A picture of the space of typical learnable tasks
This work provides insights into task relationships and generalization in machine learning, though it appears incremental as it builds on existing methods to analyze known phenomena.
The paper investigates the structure of the space of learnable tasks using information geometry, revealing that representations from various learning methods are low-dimensional and that supervised learning on one task can generalize to dissimilar tasks, with experiments on CIFAR-10 and ImageNet datasets.

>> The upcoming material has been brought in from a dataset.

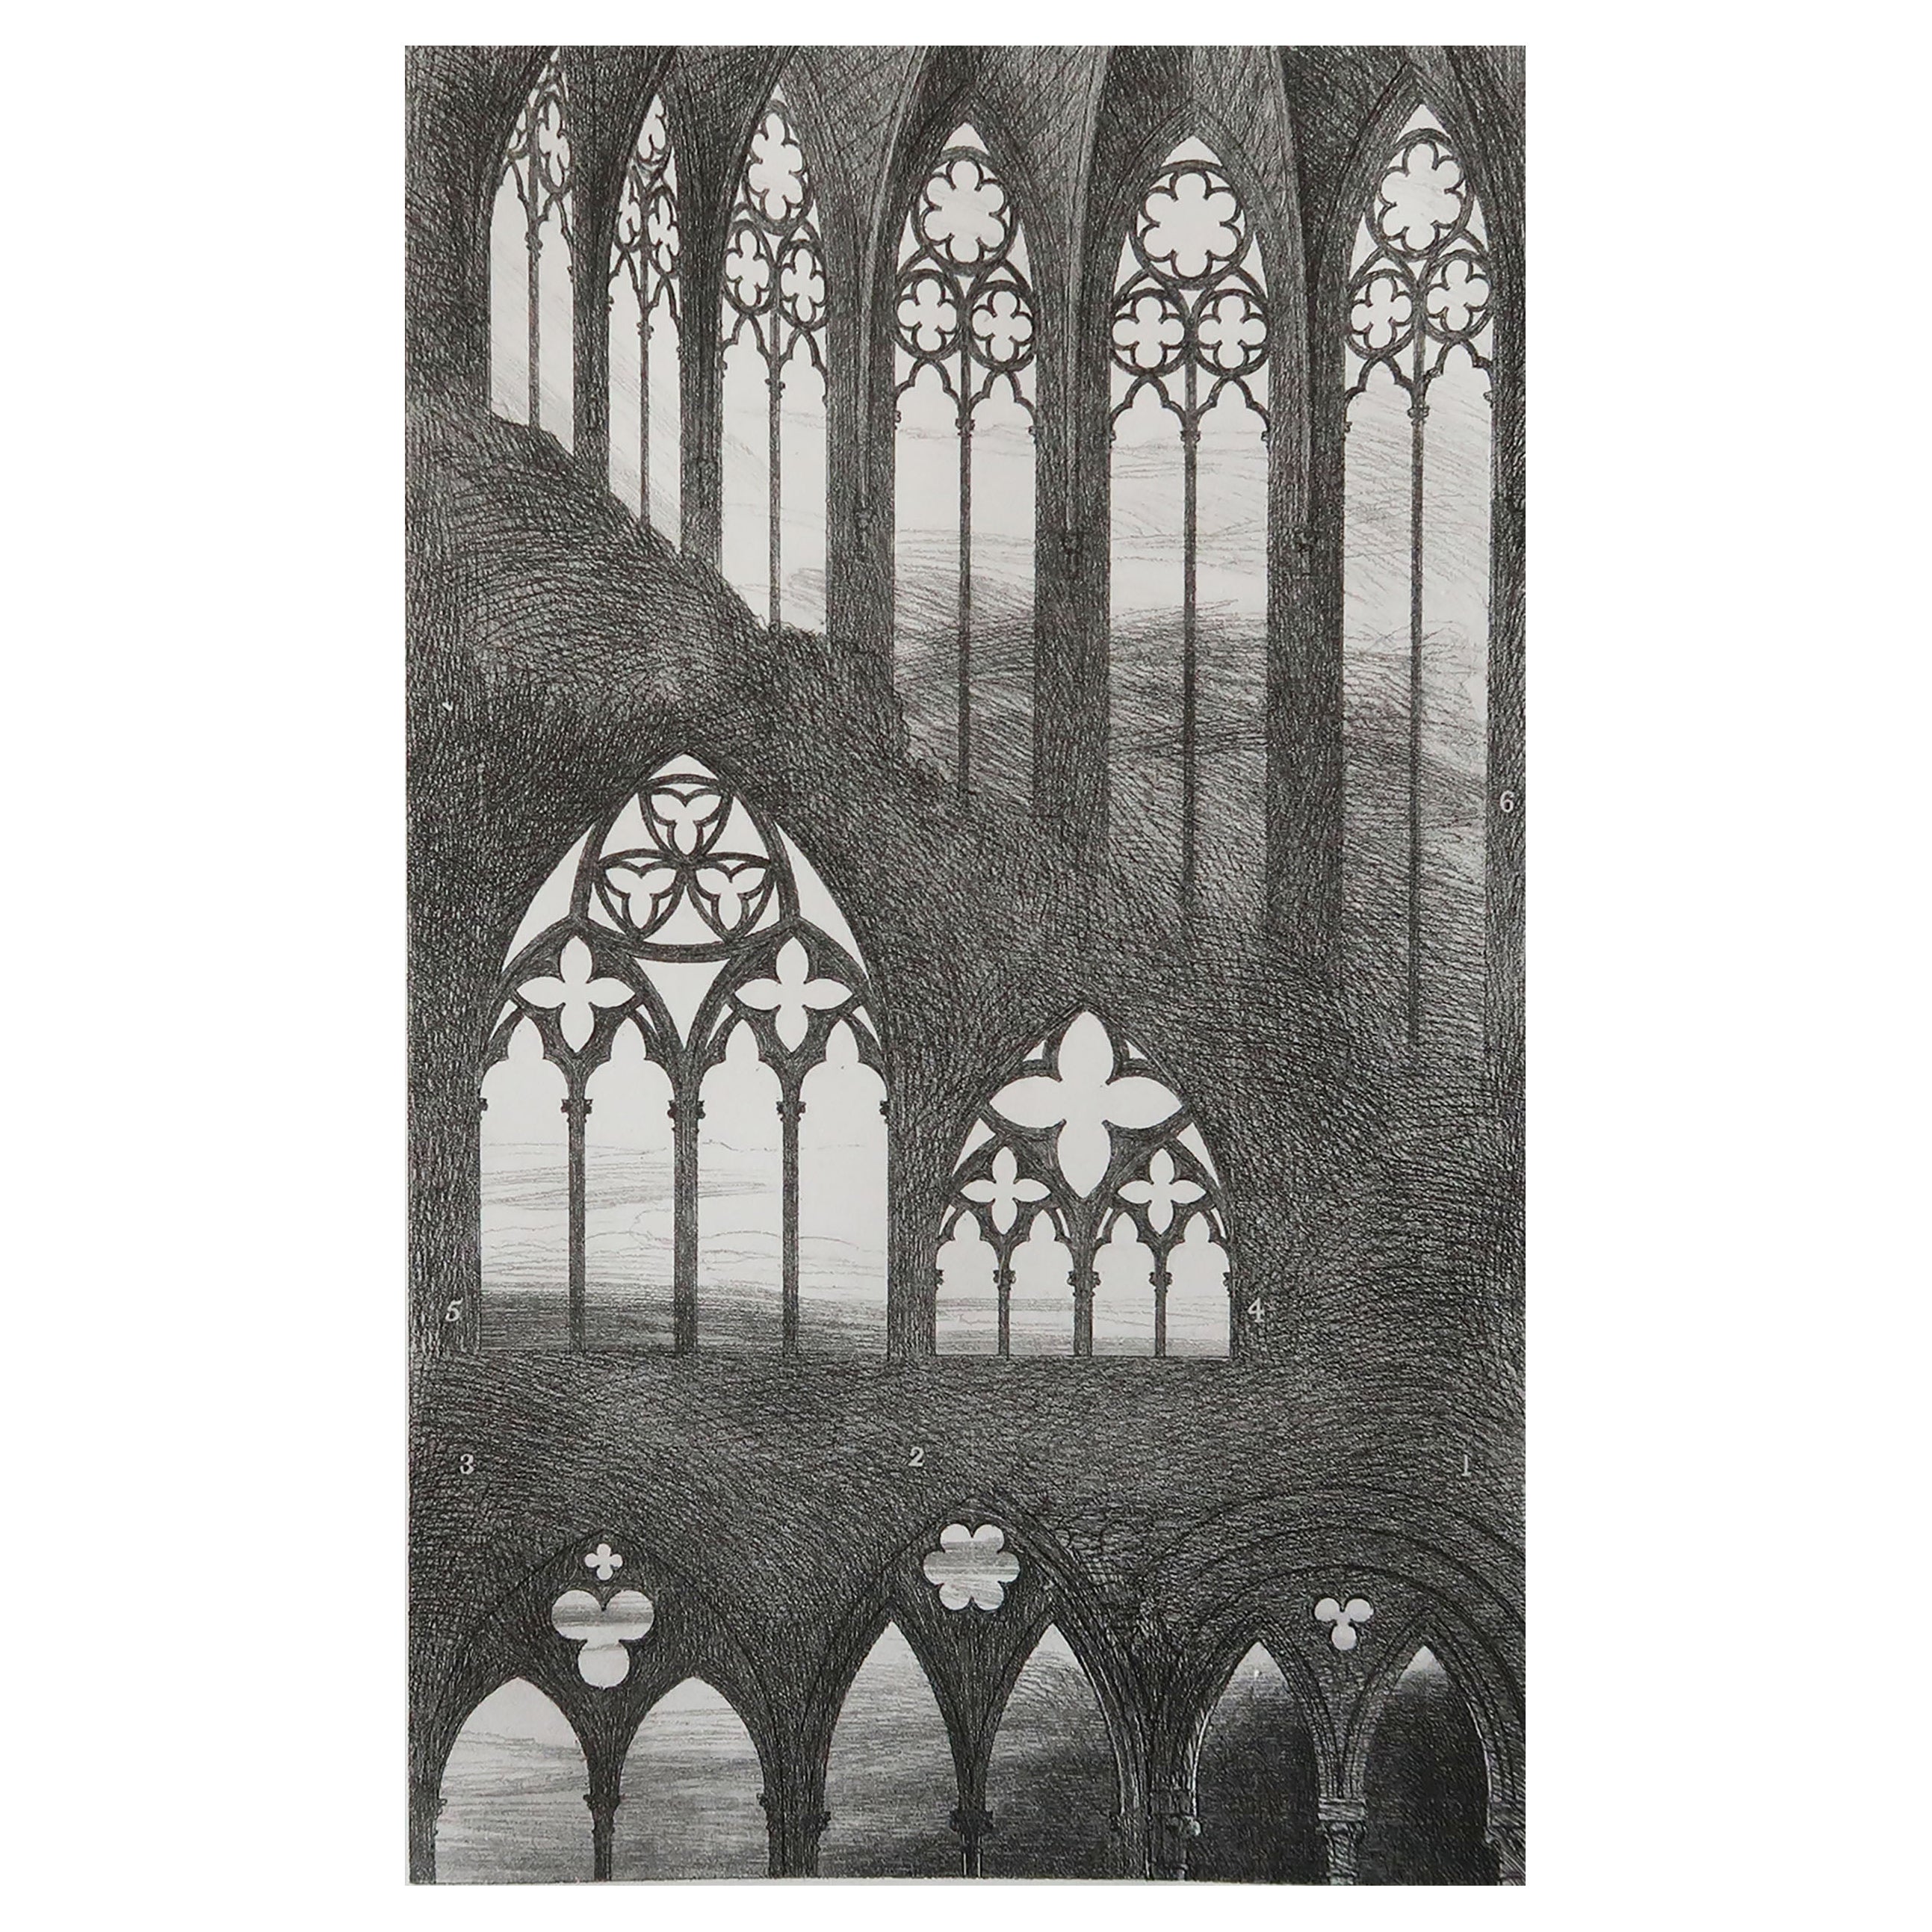 Original Antique Architectural Print by John Ruskin, circa 1880
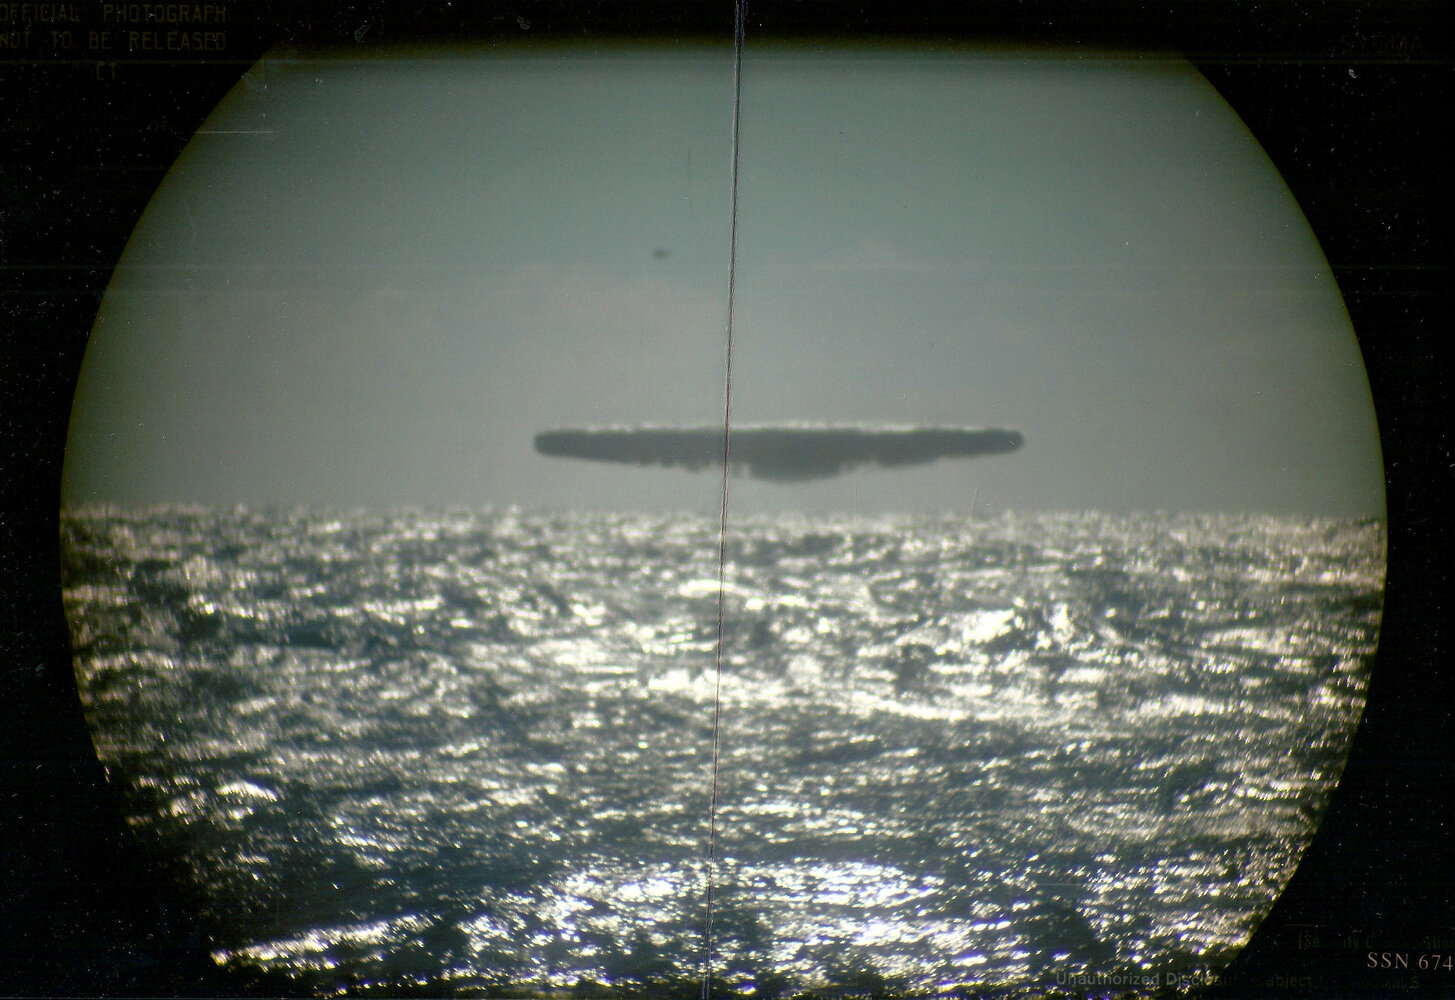 Original-scan-photos-of-submarine-USS-trepang-4-1.jpg

We develop information geometric techniques to understand the representations learned by deep networks when they are trained on different tasks using supervised, meta-, semi-supervised and contrastive learning. We shed light on the following phenomena that relate to the structure of the space of tasks: (1) the manifold of probabilistic models trained on different tasks using different representation learning methods is effectively low-dimensional; (2) supervised learning on one task results in a surprising amount of progress even on seemingly dissimilar tasks; progress on other tasks is larger if the training task has diverse classes; (3) the structure of the space of tasks indicated by our analysis is consistent with parts of the Wordnet phylogenetic tree; (4) episodic meta-learning algorithms and supervised learning traverse different trajectories during training but they fit similar models eventually; (5) contrastive and semi-supervised learning methods traverse trajectories similar to those of supervised learning. We use classification tasks constructed from the CIFAR-10 and Imagenet datasets to study these phenomena.